September 17, 2009: Suicide bombers hit foreign troops in Somalia

On September 17, 2009 Al Shabaab suicide bombers rammed through the security gate of AMISOM’s HQ in Somalia, killing 21 and wounding 40

MOGADISHU, SOMALIA – Occupation forces invite their own response – no surprise there.

In the past few decades, i.e. after 9/11, military deployments have taken on a new – and disturbing – trend. Gone are the days of fighting large armies (think WWII), having been replaced by the use of guns and drones to fight terrorism. To my mind, this is not a good development (and one I discussed at length in my fourth book An End to the War on Terrorism).

Several nations have elected to send troops overseas to deal with terrorist groups.

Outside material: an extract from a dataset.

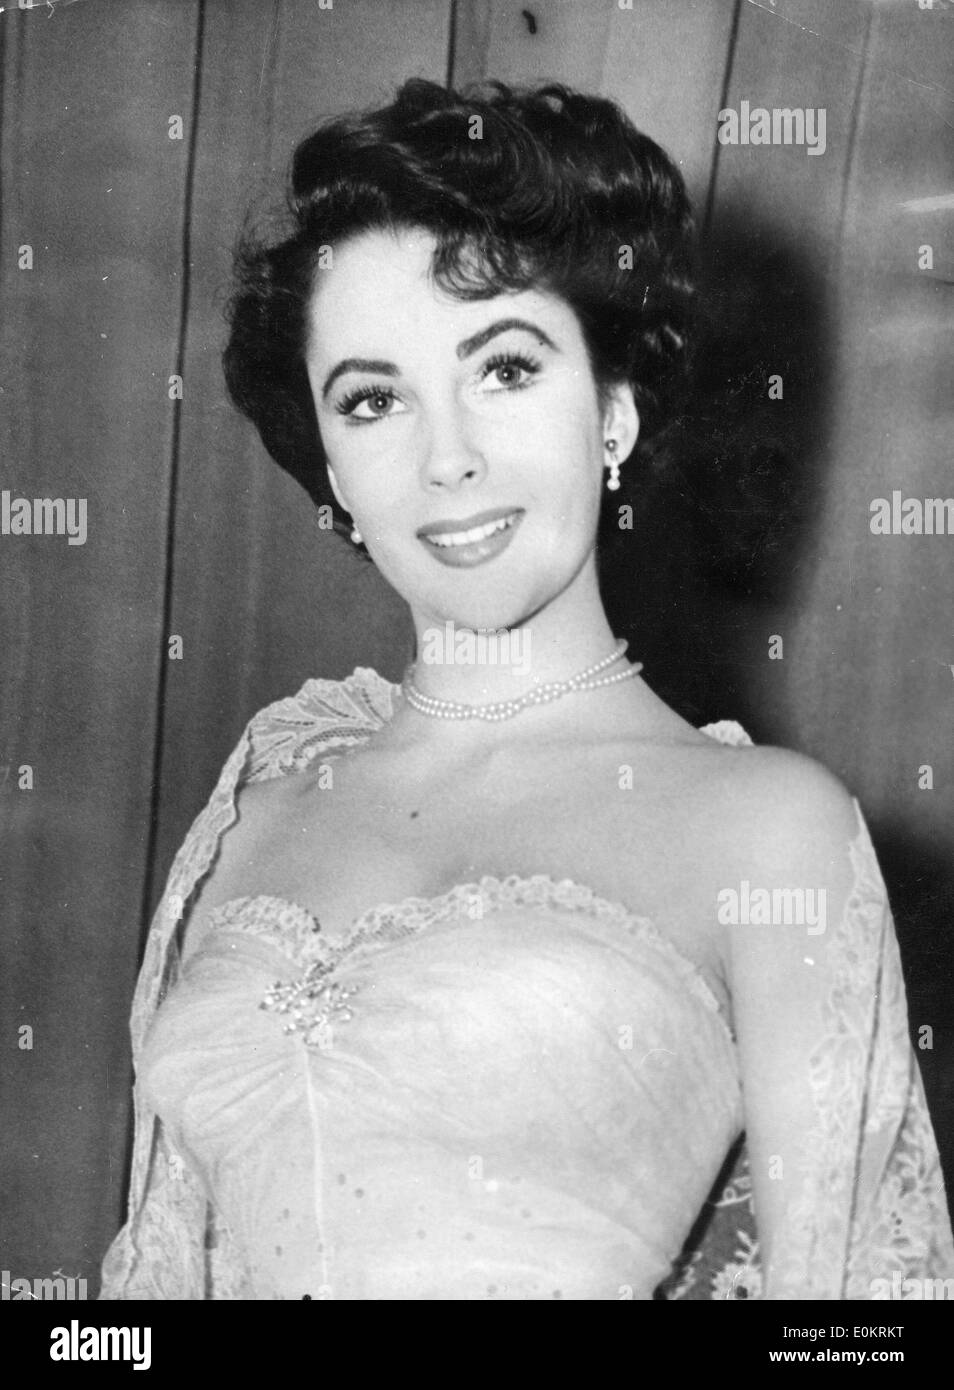 Actress Elizabeth Taylor at an event Stock Photo

Some of these deployments are at first blush understandable – think the US-led invasion of Afghanistan post 9/11 – while others are less so – think the US-led invasion of Iraq in 2003.

Excuse me min fadhlak, but can anyone tell me where Al Qaeda is? (Photo: The U.S. Army on flickr, CC BY 2.0)

Another example of the latter was the 2006 ‘invasion’ of Somalia by Ethiopian forces to handle what was then called the Islamic Courts Union, a fundamentalist Muslim bunch which did not actually pose any threat to Ethiopia. Not only did that move not solve the problem is sought to undo but led to the creation of Al Shabaab, a much larger and more dangerous bunch.

And the Ethiopians were not the only ones to undertake such a foolish move. The African Union (AU) authorised a military mission named AMISOM in January 2007 to last six months: it is still there 14 years later!

Not surprisingly, having foreign troops wandering around your country has a nasty tendency to piss off the locals, terrorists among them. Al Shabaab (AS), Somalia’s reigning Islamist extremists is one of AMISOM’s chief enemies.

On this day in 2009

AS suicide bombers driving two UN-marked vehicles rammed through the security gate of the mission’s headquarters, which is attached to Mogadishu’s airport, killing 21, mostly soldiers, and wounding 40. One of the wounded was the force commander, Ugandan Maj. Gen. Nathan Mugisha who had assumed command the month previously.

We will not be deterred by such criminal acts and (to) continue all our efforts to ensure the return of peace and stability in Somalia.

Joint statement by the UN, EU, Arab League, the US and others

The peacekeeping force was charged with protecting key government and strategic installations in Mogadishu, including the port, airport and presidential palace and was the de facto military force of the weak, transitional Somali government. Hence it was targeted for an attack.

And the attacks continue…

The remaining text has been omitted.